## TASK
Reproduce the whole listing below without its pictures, exactly as written.

## SUPPLIED INFORMATION
════════════════

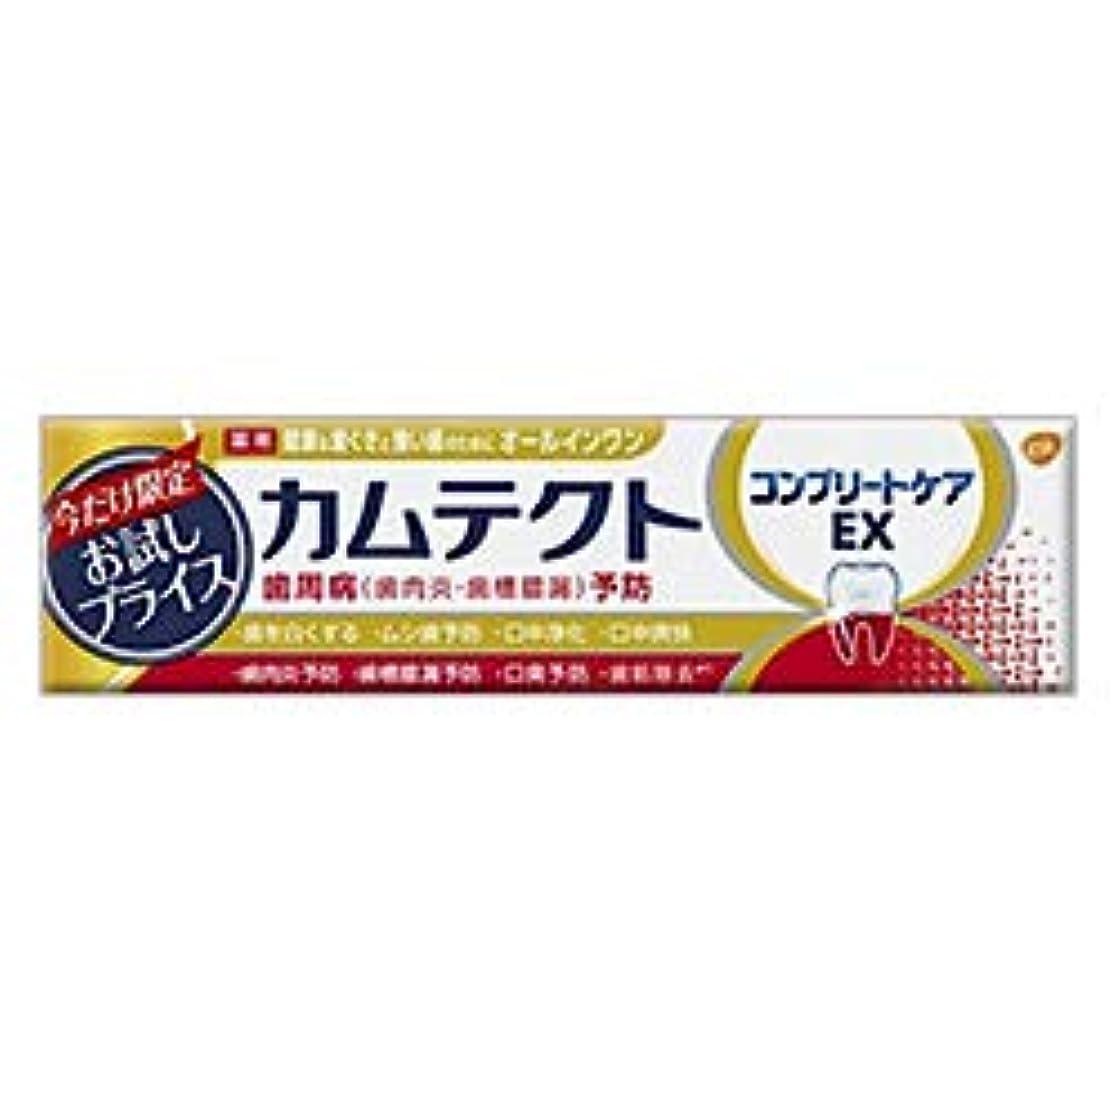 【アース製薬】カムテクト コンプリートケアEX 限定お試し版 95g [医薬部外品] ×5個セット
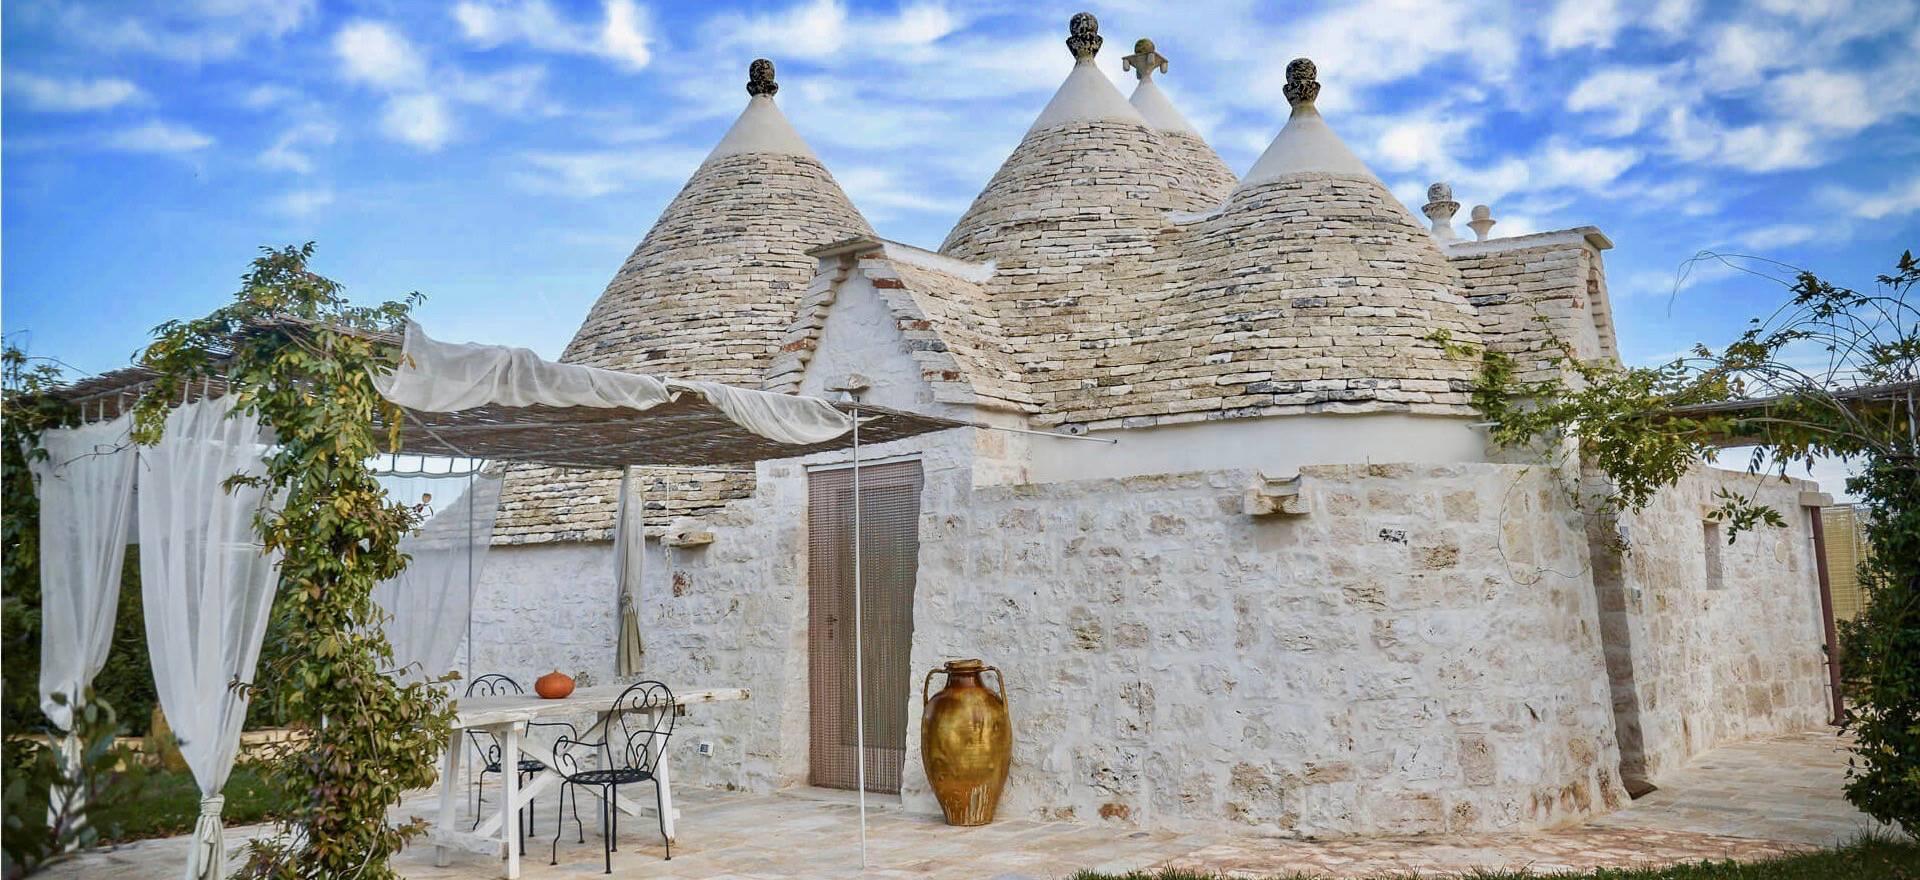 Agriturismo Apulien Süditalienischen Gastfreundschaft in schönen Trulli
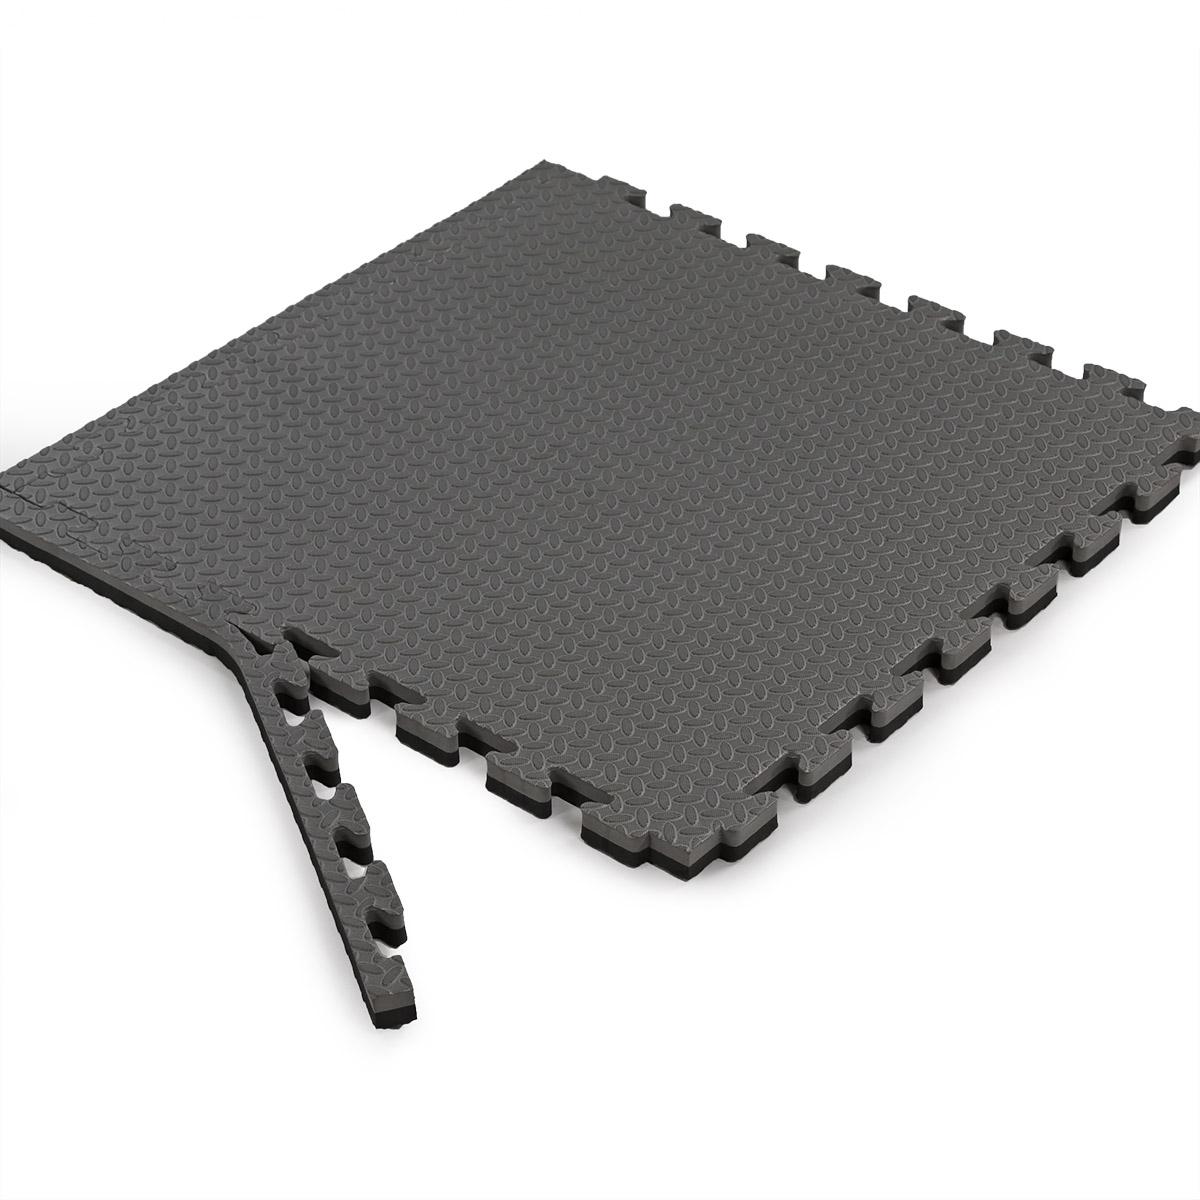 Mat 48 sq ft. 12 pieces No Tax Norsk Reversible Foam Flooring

════════════════

## SOLUTION
 【アース製薬】カムテクト コンプリートケアEX 限定お試し版 95g [医薬部外品] ×5個セット
 Agriturismo Apulien Süditalienischen Gastfreundschaft in schönen Trulli
 Mat 48 sq ft. 12 pieces No Tax Norsk Reversible Foam Flooring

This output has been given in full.